You can see this phenomenon happening in real time as economists continue to point out that carbon pricing’s impact on the cost of living has been minimal — what has really impacted the costs of items is supply chain disruptions from the Covid-19 pandemic, climate change caused disasters and completely unnecessary wars. Also, there appears to be some level of price gouging occurring — major grocery companies were caught operating a bread price-fixing cartel from 2001 to 2015, forcing Canadians to pay far more for bread than it’s worth. This scheme does not seem to have created any new jobs in the bread-making industry, but it’s worth noting the CEO of Loblaw makes roughly $8 million per year and other CEOs of grocery chains are in a similar pay grade. Yet somehow it’s those damn environmentalists who are causing all the problems — at least that’s what the people actually causing the problems want you to believe.
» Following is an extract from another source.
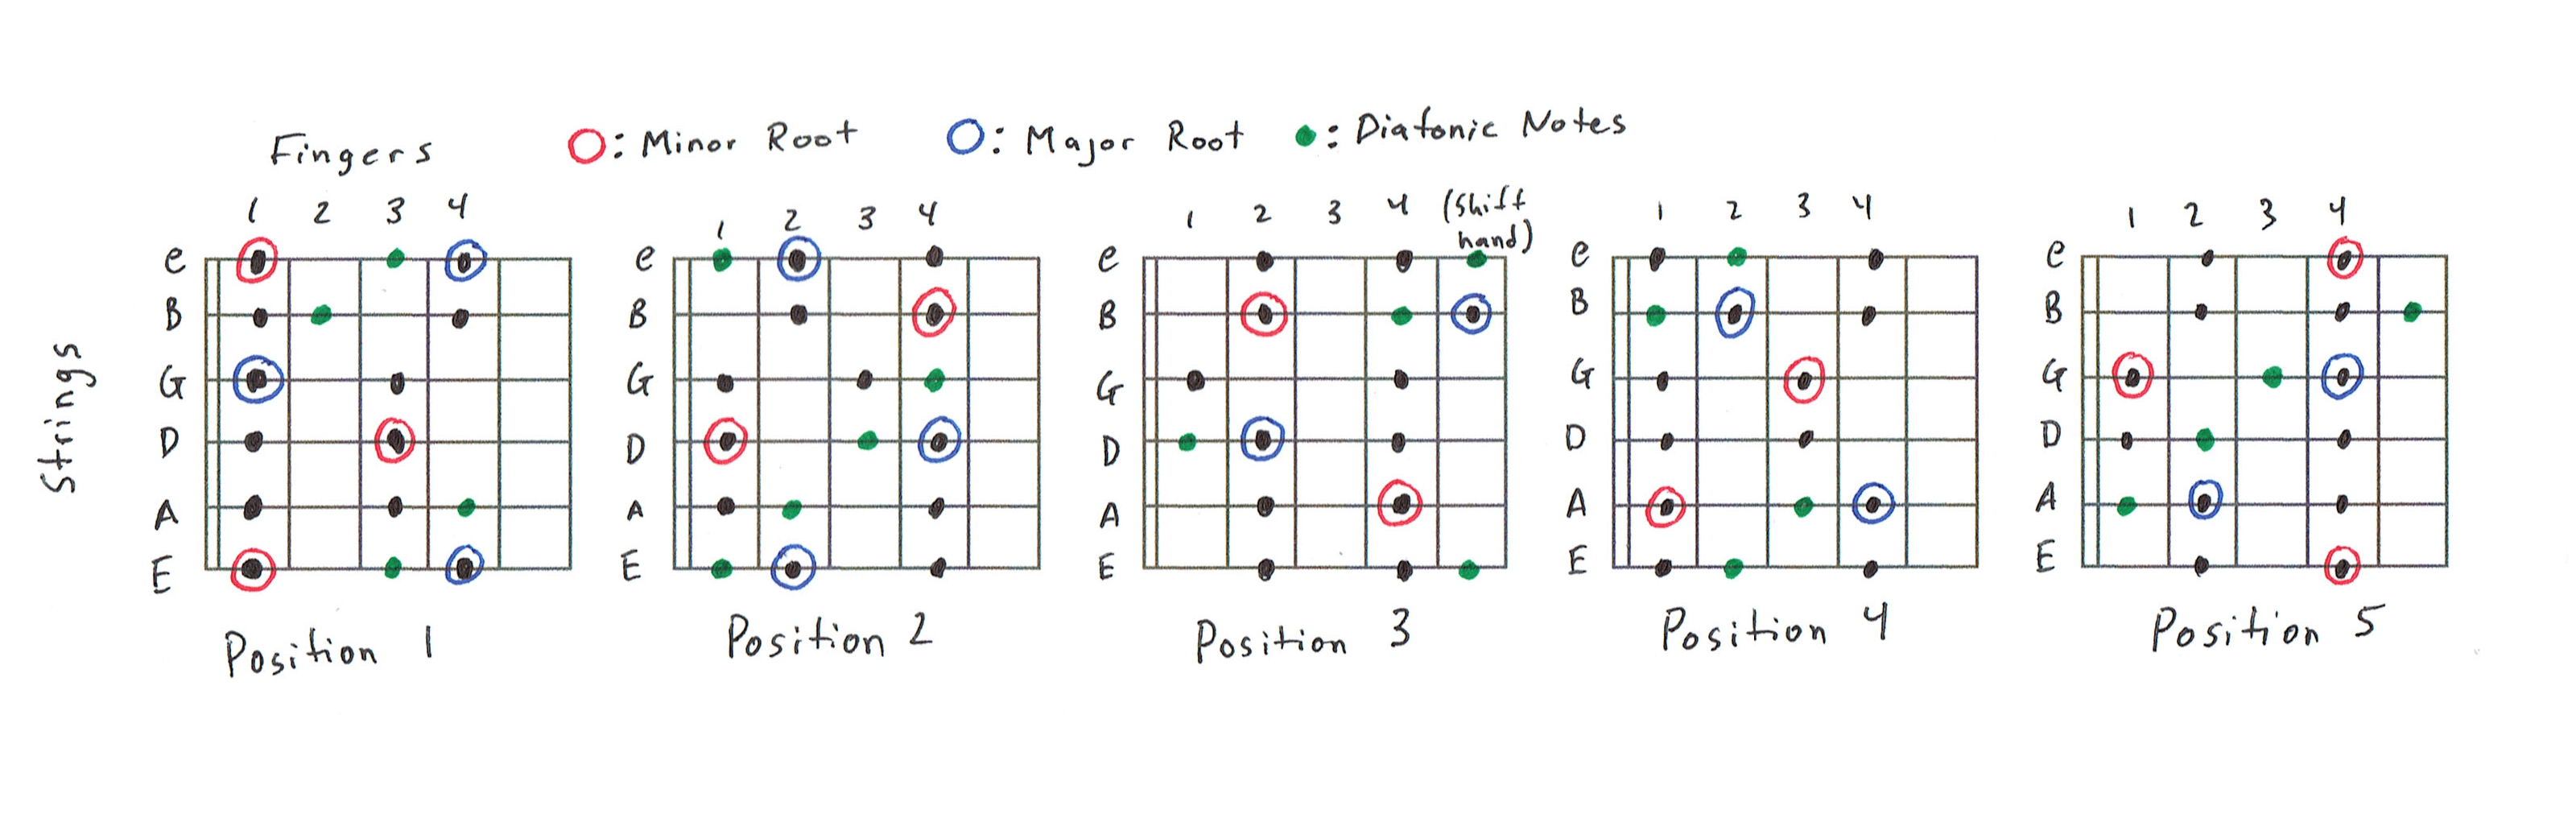 Y66z  Diagram  All 12 Major Scales Guitar Diagram Full

Our problems exist because we allow the wealthy to flaunt their privilege and blame the government whenever the consequences of doing so become apparent. If we had a proper tax system like we had from the end of the Second World War to about the 1970s, we wouldn’t need as many consumption taxes to cover the gap.

Even the fact you’re reading this is owed to taxes — someone had to pay a teacher to teach you to read. If literacy and education were up to business, you would know enough to do your job and that would be it. Any further knowledge would be a distraction and have no productivity benefit to the company.

So please stop copying and pasting this silly slogan. You are not being a rebel. You’re not liberating anyone. You’re simply being a fool.